> [Instructions for the task]: Copy out the listing that follows, exact in every word, and skip the images.

> [Provided data]:
######

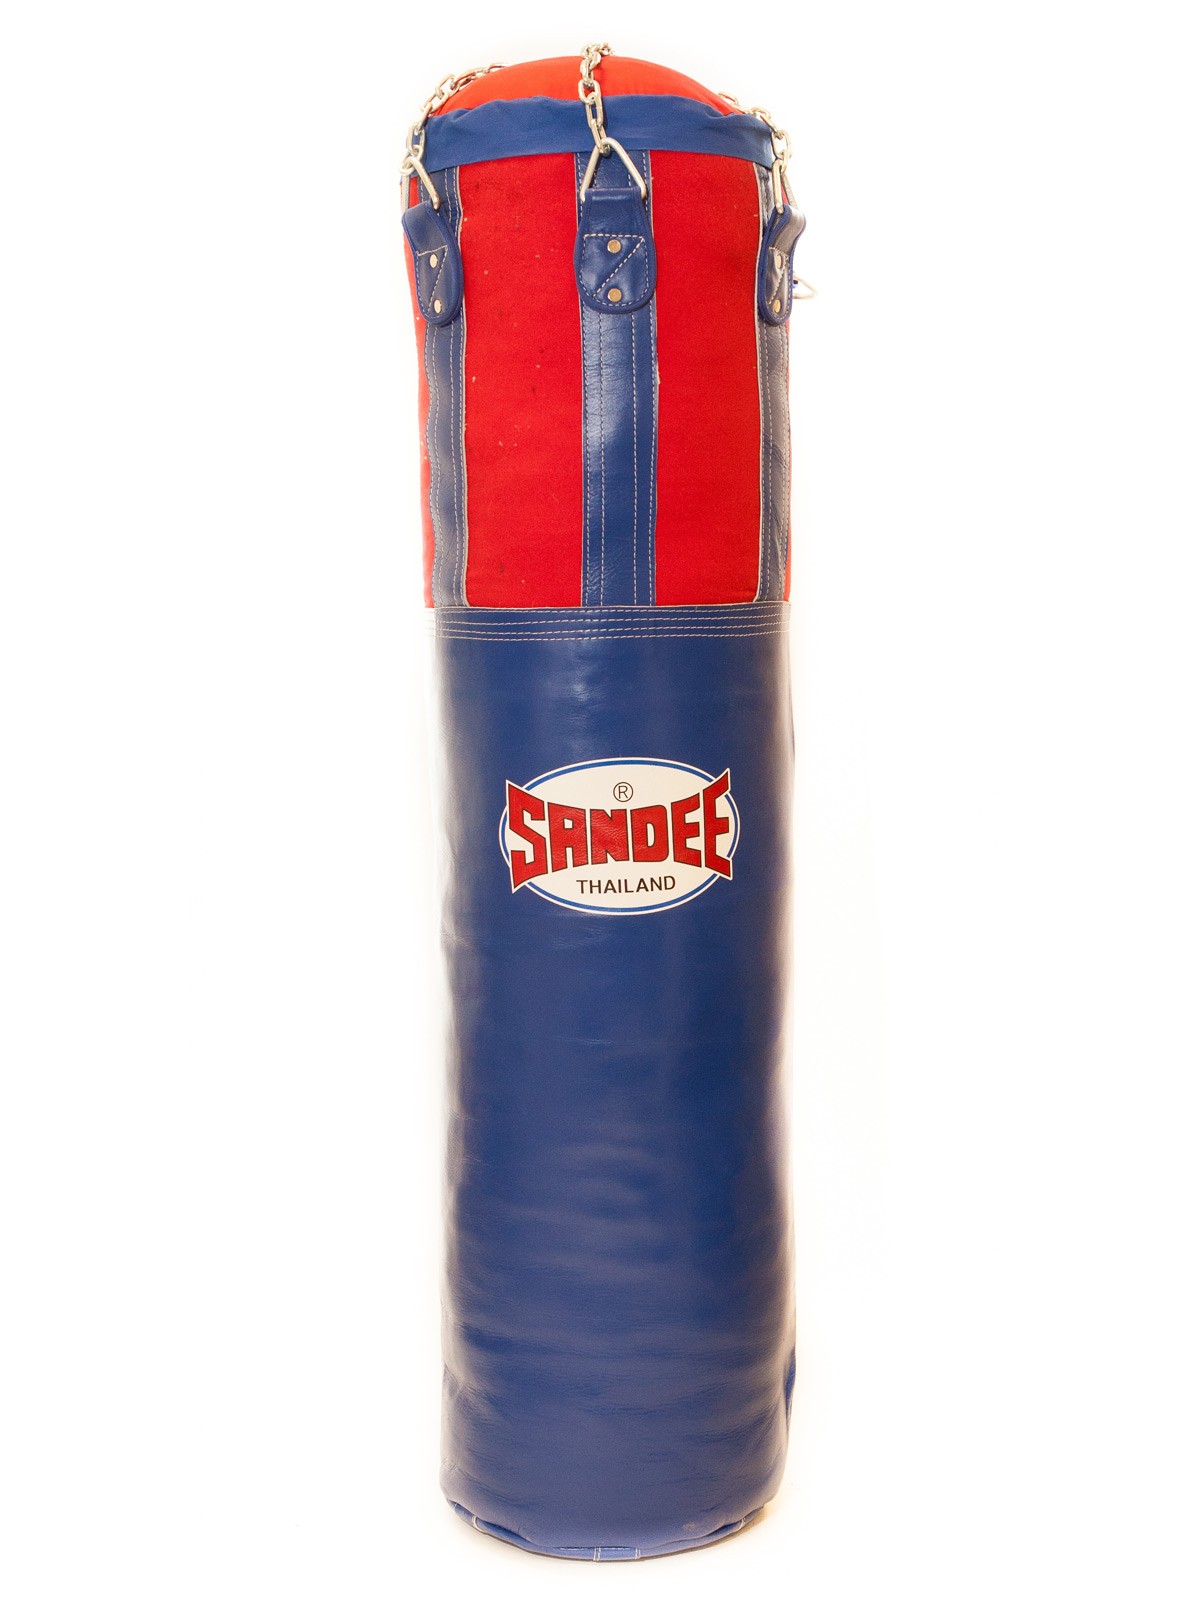 Sandee Punch Bag Boxing Kicking Punching Half Leather Blue & Red 
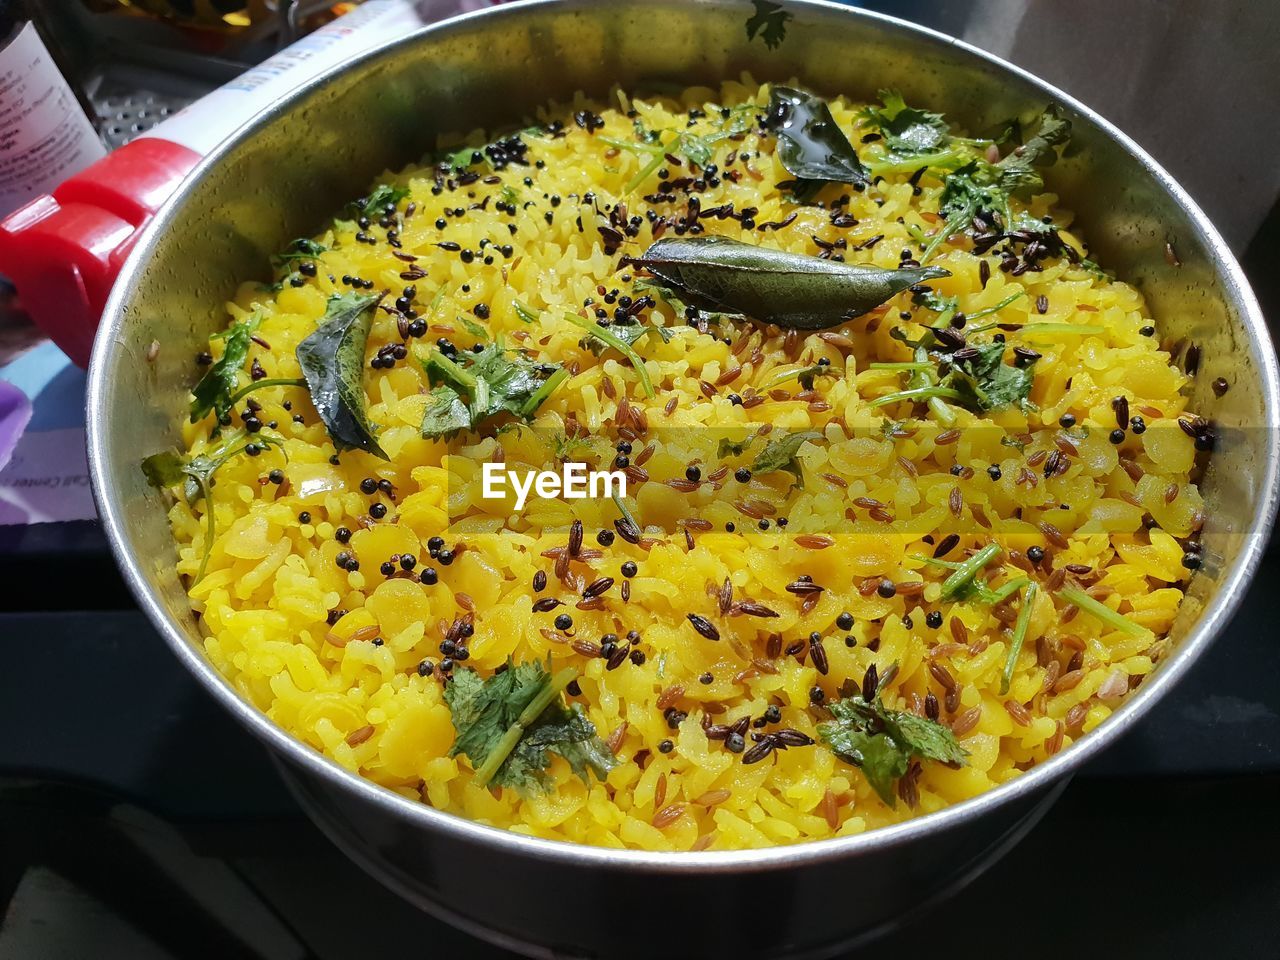 Dal rice cooked well glamour
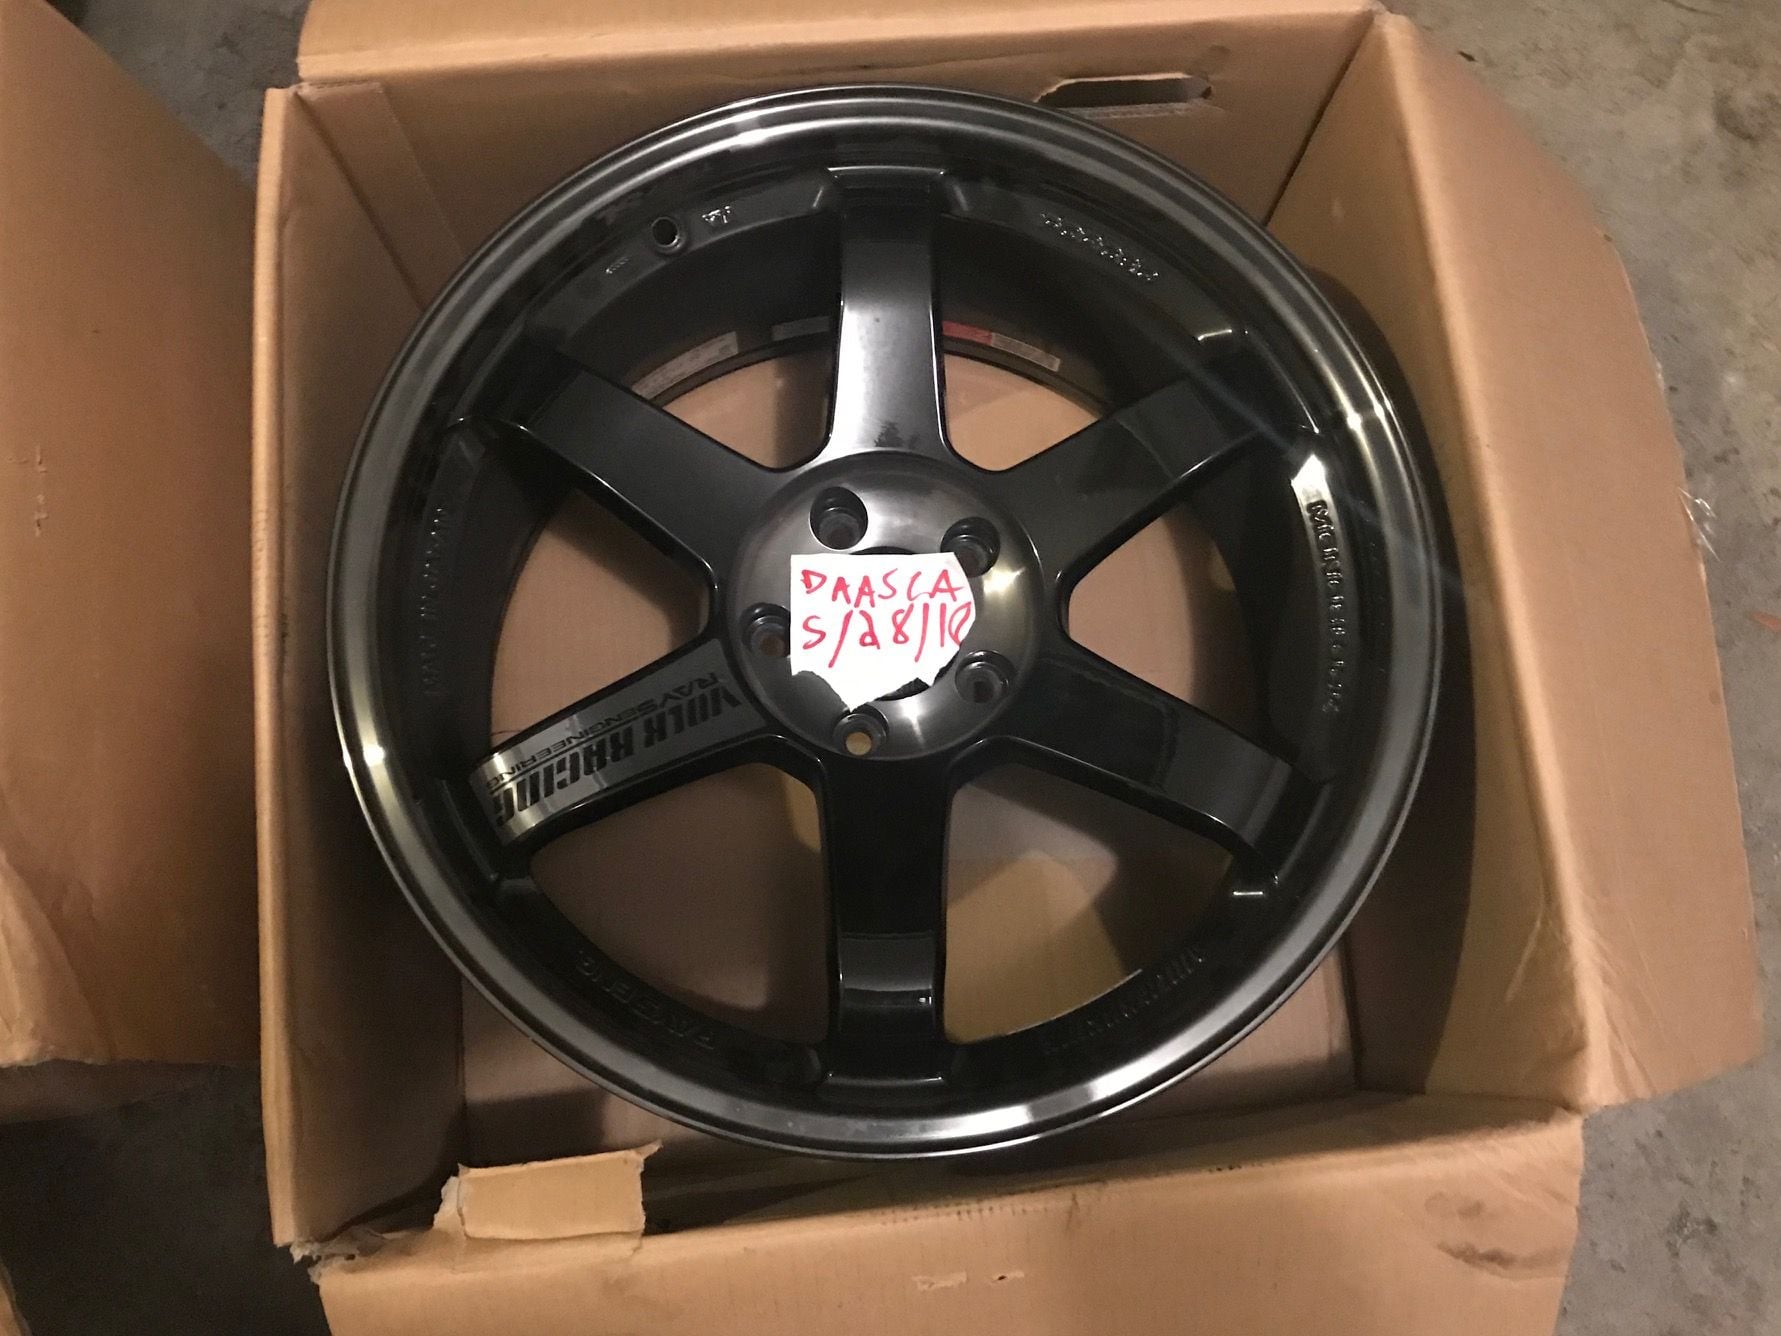 Wheels and Tires/Axles - Volk TE37SL Double Pressed Black, 18x9.5 +22, 500 miles - Used - 2008 to 2015 Mitsubishi Lancer Evolution - Pace, FL 32571, United States

######

> [Task output]:
 Sandee Punch Bag Boxing Kicking Punching Half Leather Blue & Red 
 Dal rice cooked well glamour
 Wheels and Tires/Axles - Volk TE37SL Double Pressed Black, 18x9.5 +22, 500 miles - Used - 2008 to 2015 Mitsubishi Lancer Evolution - Pace, FL 32571, United States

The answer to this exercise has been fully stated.